Der freigelegte Verbindungstunnel zwischen dem Promenadenhaus Berringer und Hotel Am Leuchtturm hatte eine Deckungshöhe von nur 30 Zentimetern und wird jetzt abgerissen. Der freigelegte Verbindungstunnel zwischen dem Promenadenhaus Berringer und Hotel Am Leuchtturm hatte eine Deckungshöhe von nur 30 Zentimetern und wird jetzt abgerissen. 18. Januar 2018

Da staunten die Spaziergänger entlang der Straße Am Leuchtturm gestern nicht schlecht: Im Baustellenbereich zwischen dem Promenadenhaus Berringer und Hotel Am Leuchtturm wurde ein Tunnel freigelegt. War das womöglich ein längst verschollener Geheimtunnel? „Nein, es ist seit längerem bekannt, dass es zwischen den Häusern Am Leuchtturm 15 und 16 einen Verbindungstunnel gibt, dieser nur eine Deckungshöhe von 30 Zentimetern aufweist und wir jetzt handeln müssen“, erklärt Ines Rubin vom Amt für Verkehrsanlagen. Es wurde entschieden, den Tunnel jetzt hausseitig zuzumauern und abzureißen um Platz für die Neuverlegung der Versorgungsleitungen in diesem Bereich zu schaffen. Von Seiten des Hotel Am Leuchtturm war der Zugang bereits verschweißt. Einen Zeitverzug wird es deswegen nicht geben.

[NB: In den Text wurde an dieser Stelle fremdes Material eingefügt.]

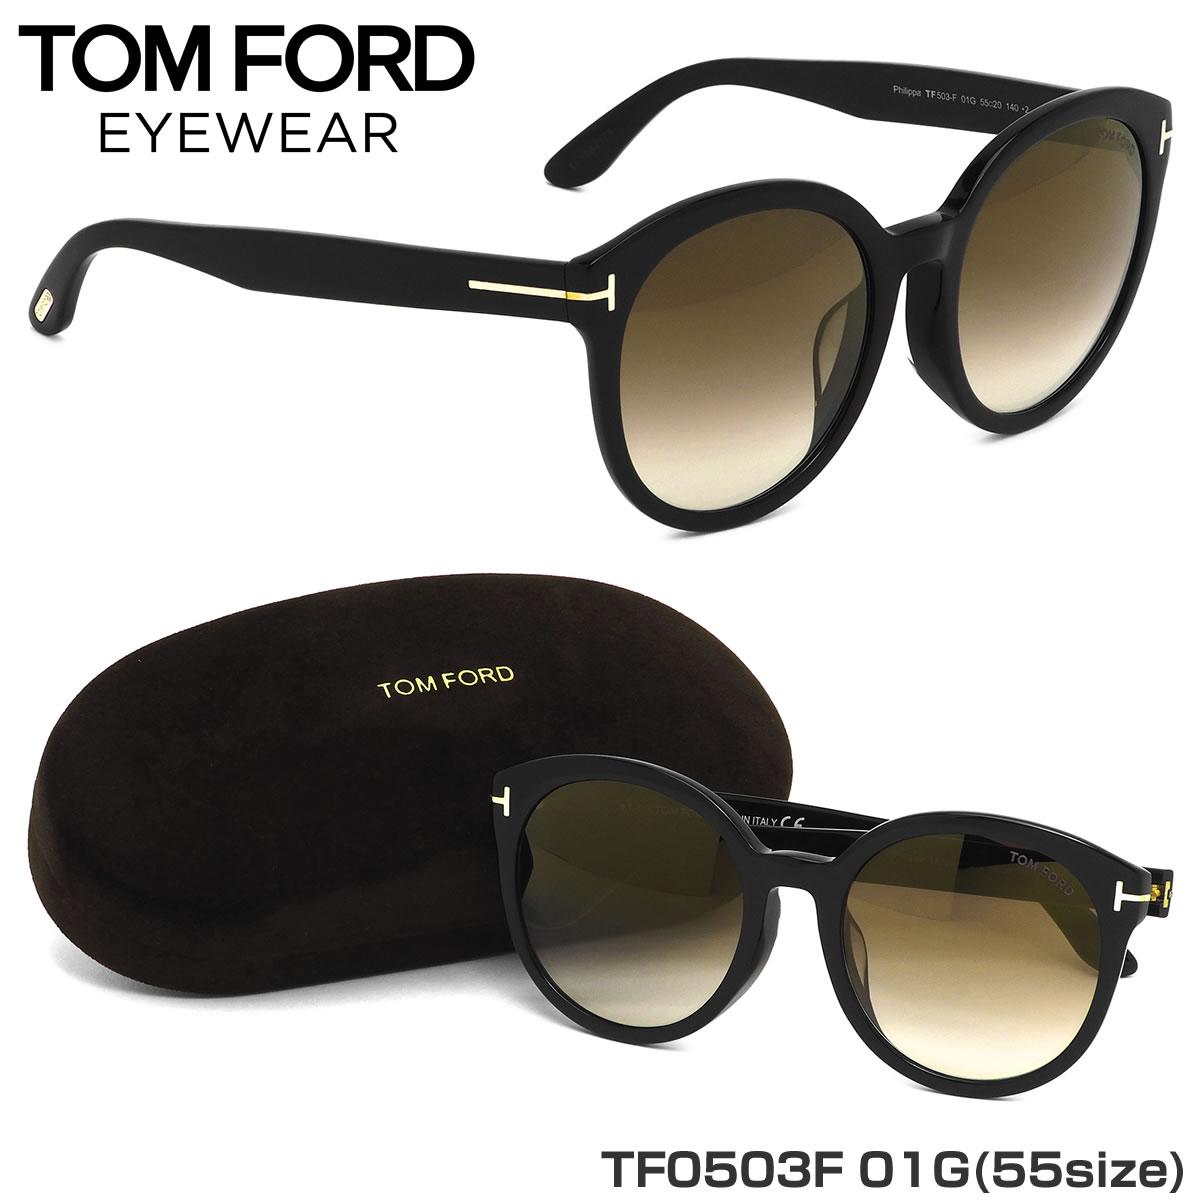 【10月30日からエントリーで全品ポイント20倍】TOM FORD トムフォード サングラスTF0503F 01G 55サイズPhilippa アジアンフィット フルフィット Made in Italy トムフォードTOMFORD メンズ レディース

Das ehemalige Hotel Pavillon und heutige Hotel Am Leuchtturm (Am Leuchtturm 16) wurde 1850 durch H. F. Ohlerich gebaut und war seinerzeit das „1. Hotel am Platze“. Die Zahl der Badegäste in Warnemünde nahm stetig zu und es wurden weitere Zimmer gebraucht. Bis zur Jahrhundertwende entstanden gleich mehrere Hotels und Pensionen. Das Hotel Berringer, spätere Klubhaus der Warnowwerft und heutige Promenadenhaus Berringer (Am Leuchtturm 15) wurde im Jahre 1886 errichtet.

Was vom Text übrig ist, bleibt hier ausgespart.